On February 4, 2022, the Debtor filed an answer to the complaint and on September 14, 2022, the Plaintiffs filed a motion for summary judgment with respect to the first cause of action seeking to revoke the Debtor’s discharge pursuant to 11 U.S.C. § 727(d)(1). On October 14, 2022, the Debtor amended his schedules to add two assets. The assets added by the Debtor were a patent (“Patent”) for luggage incorporating a weight determination mechanism and location determination mechanism and a trademark (“Trademark”) related to the Patent. Debtor listed the value of both the Patent and Trademark at $0. On October 16, 2022 and October 19, 2022, the Debtor filed opposition to the motion for summary judgment. A hearing on the motion was held on October 19, 2022 and the Court denied the motion.
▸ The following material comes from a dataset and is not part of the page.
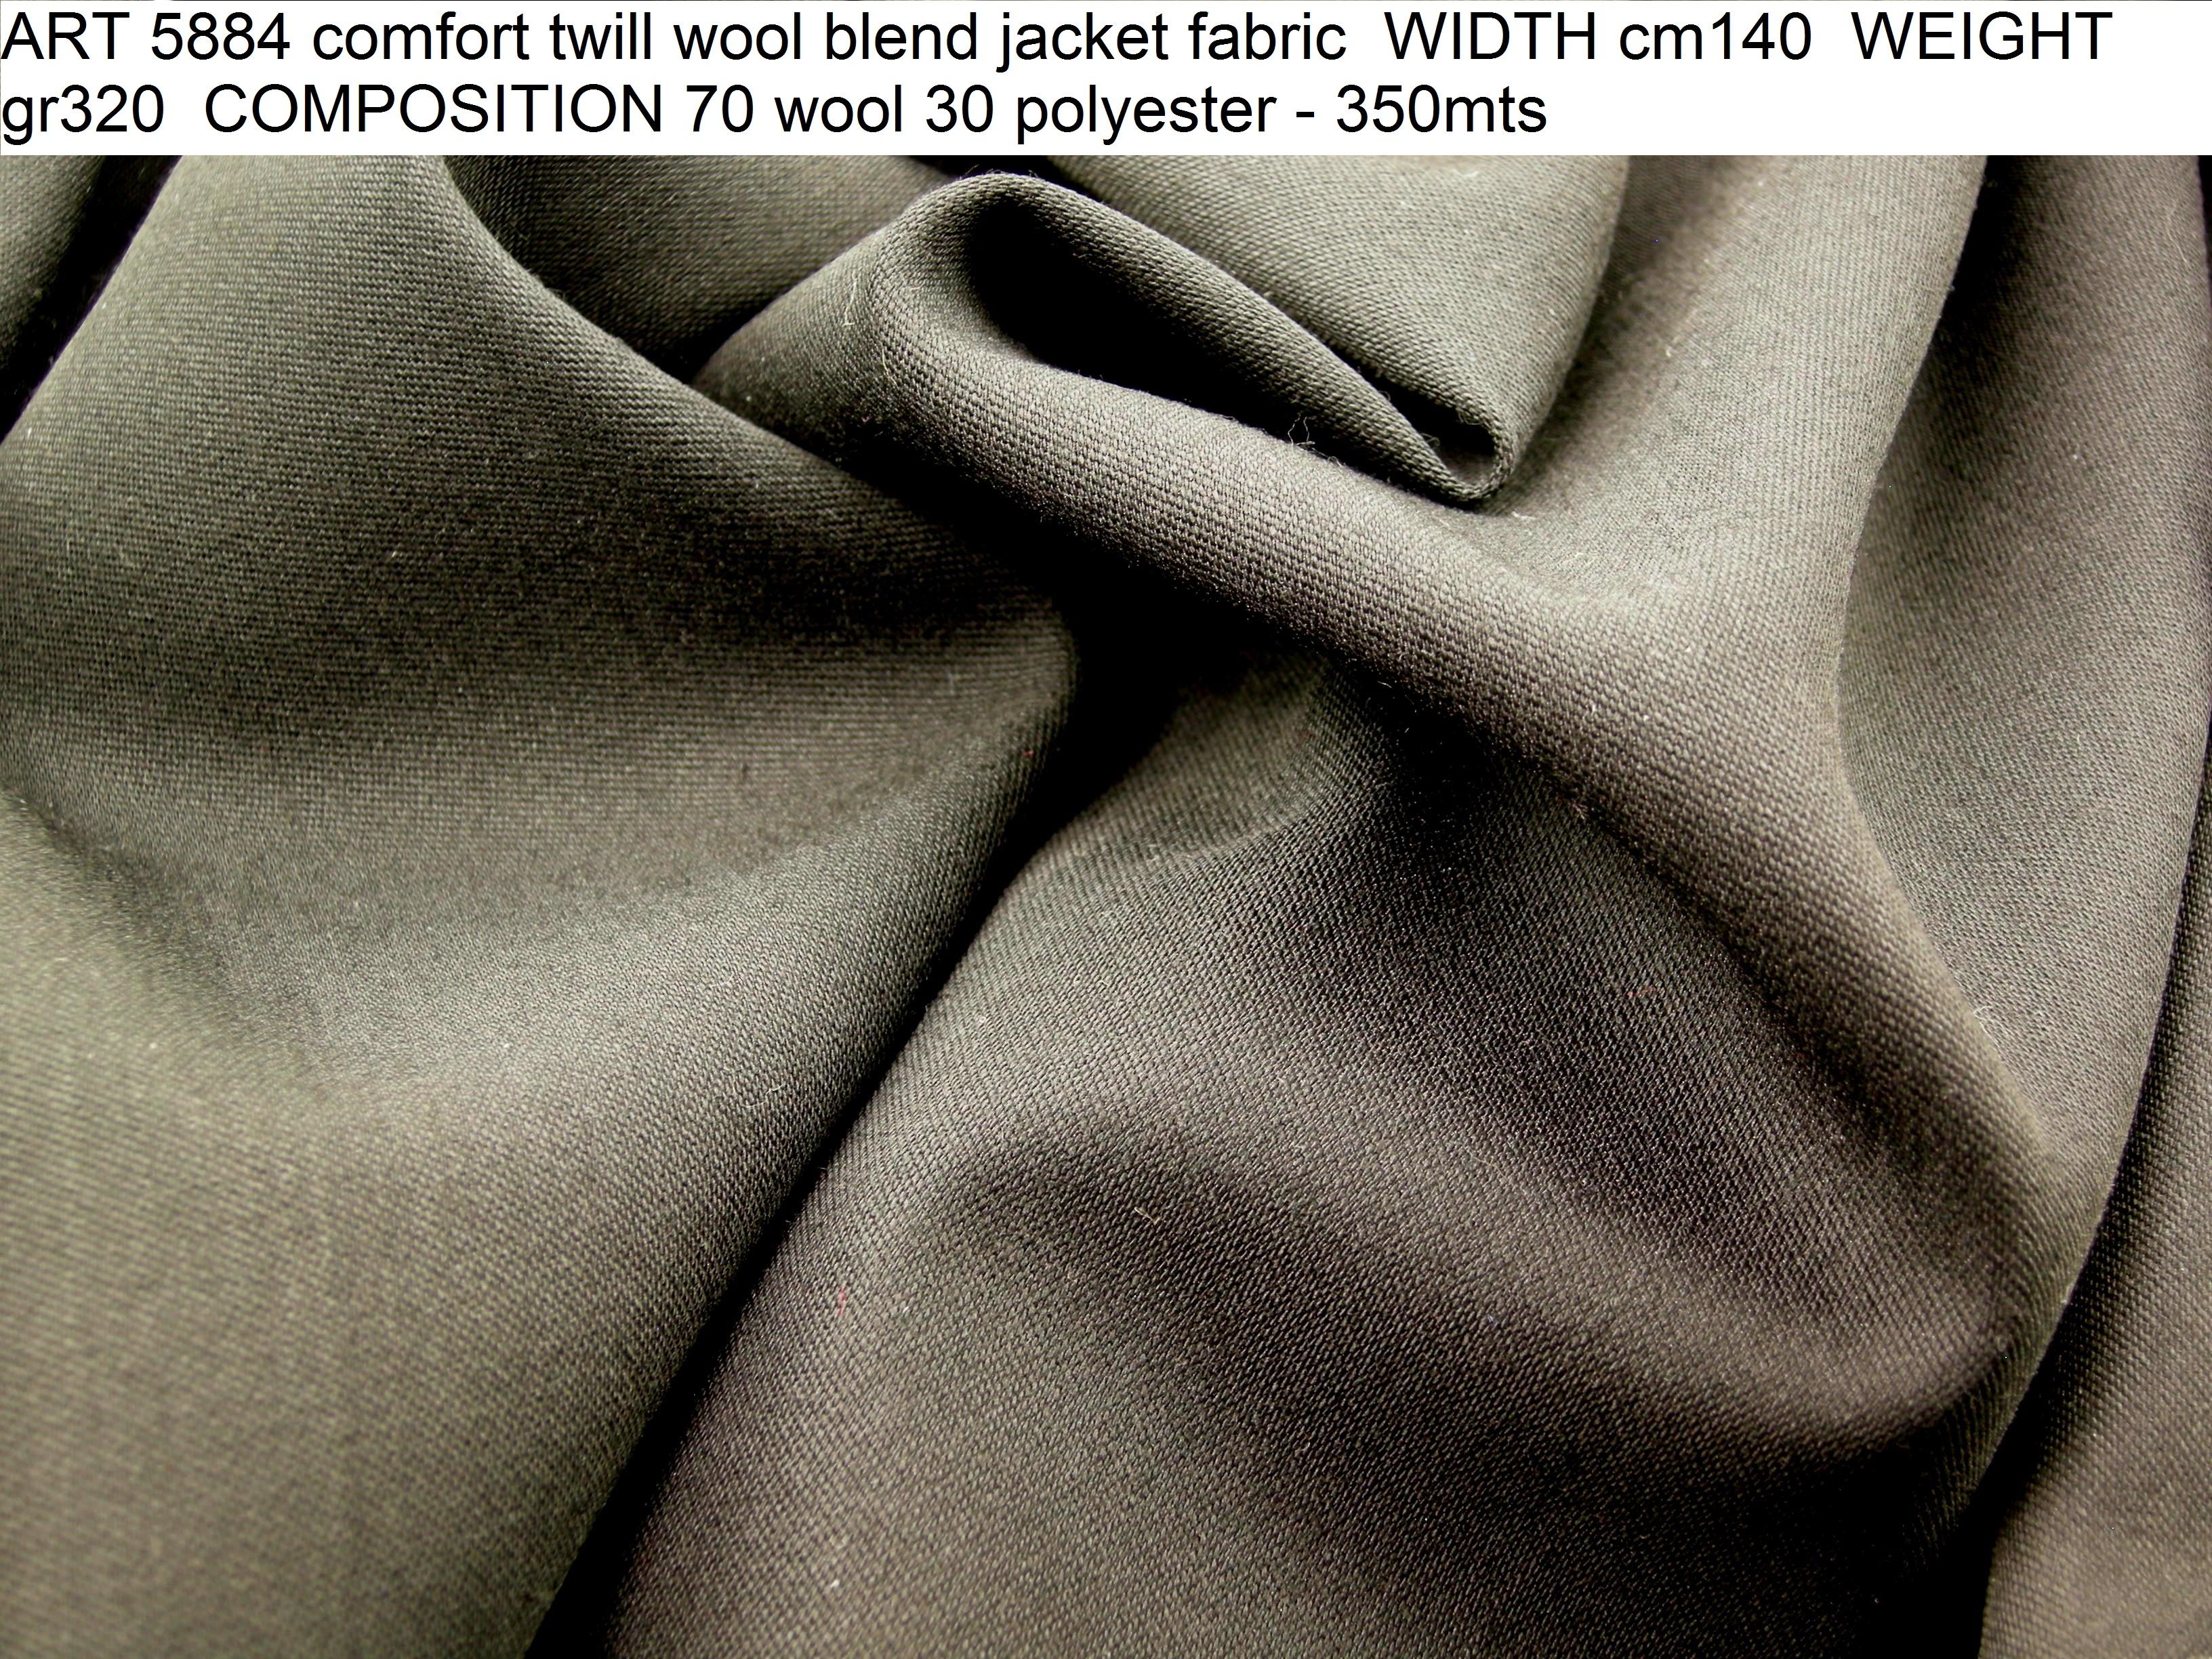 ART 5884 comfort twill wool blend jacket fabric WIDTH cm140 WEIGHT gr320 COMPOSITION 70 wool 30 polyester - 350mts

While the Court found that the Debtor

failed to list his interest in the Patent and Trademark in his petition, resolution of whether the Debtor did so with the intent to defraud would require an evidentiary hearing. The trial was held on November 1, 2022. During the trial, the parties indicated they would be settling the second cause of action under § 523 and stated the terms of the settlement on the record as follows: the Debtor is to pay a total of $40,000. The first $10,000 to be paid on or before December 1, 2022. The Debtor is to pay the remainder on a monthly basis through August, 2023. In the event of a default, the Plaintiffs may enter a judgment in the amount of $50,000 with credit given for any payments made. In addition, and subject to any rights asserted by the Trustee, the Patent and Trademark shall become property of the Plaintiffs in the event of a default in payment. The parties also stated they would attempt to settle the first cause of action seeking to revoke the Debtor’s discharge and would advise the Court if a settlement was reached. After several unsuccessful attempts by the parties to provide the Court with the appropriate documentation to settle the § 727 action, the remaining cause of action was marked submitted. Facts

Prepetition, on December 2, 2014, the Debtor was granted the Patent from the United States Patent and Trademark Office for luggage incorporating a weight determination mechanism and location determination mechanism. (Pl. Ex. 5). The luggage would also incorporate a camera to take one or more pictures upon opening the luggage. According to the Debtor’s testimony at trial, he was introduced to Mr. Polanco through a relative at a time when the Debtor was seeking investors to fund the development and manufacturing of luggage using the Patent. (Trial Tr.p. 9). The Debtor met with Mr. Polanco and discussed the Patent and his plan to obtain sufficient funds from investors to bring the project to fruition. (Trial Tr. p. 12). According to the Debtor, Mr. Polanco was the only investor in the project. The Debtor had

formed GD Global Corp. (“GD Global”), a New York corporation, in December 2013, as part of his plan to develop and manufacture the luggage. (Trial Tr. p. 17), (Pl. Ex. 9). The Debtor had advanced approximately $25,000 of his own funds into GD Global, which had been deposited into a Bank of America account held by GD Global. (Pl. Ex. 10). The Phoenix Company issued two checks to GD Global in the amount of $25,000 each which were deposited on November 14, 2016 into the GD Global account at the Bank of New York. (Pl. Ex. 11).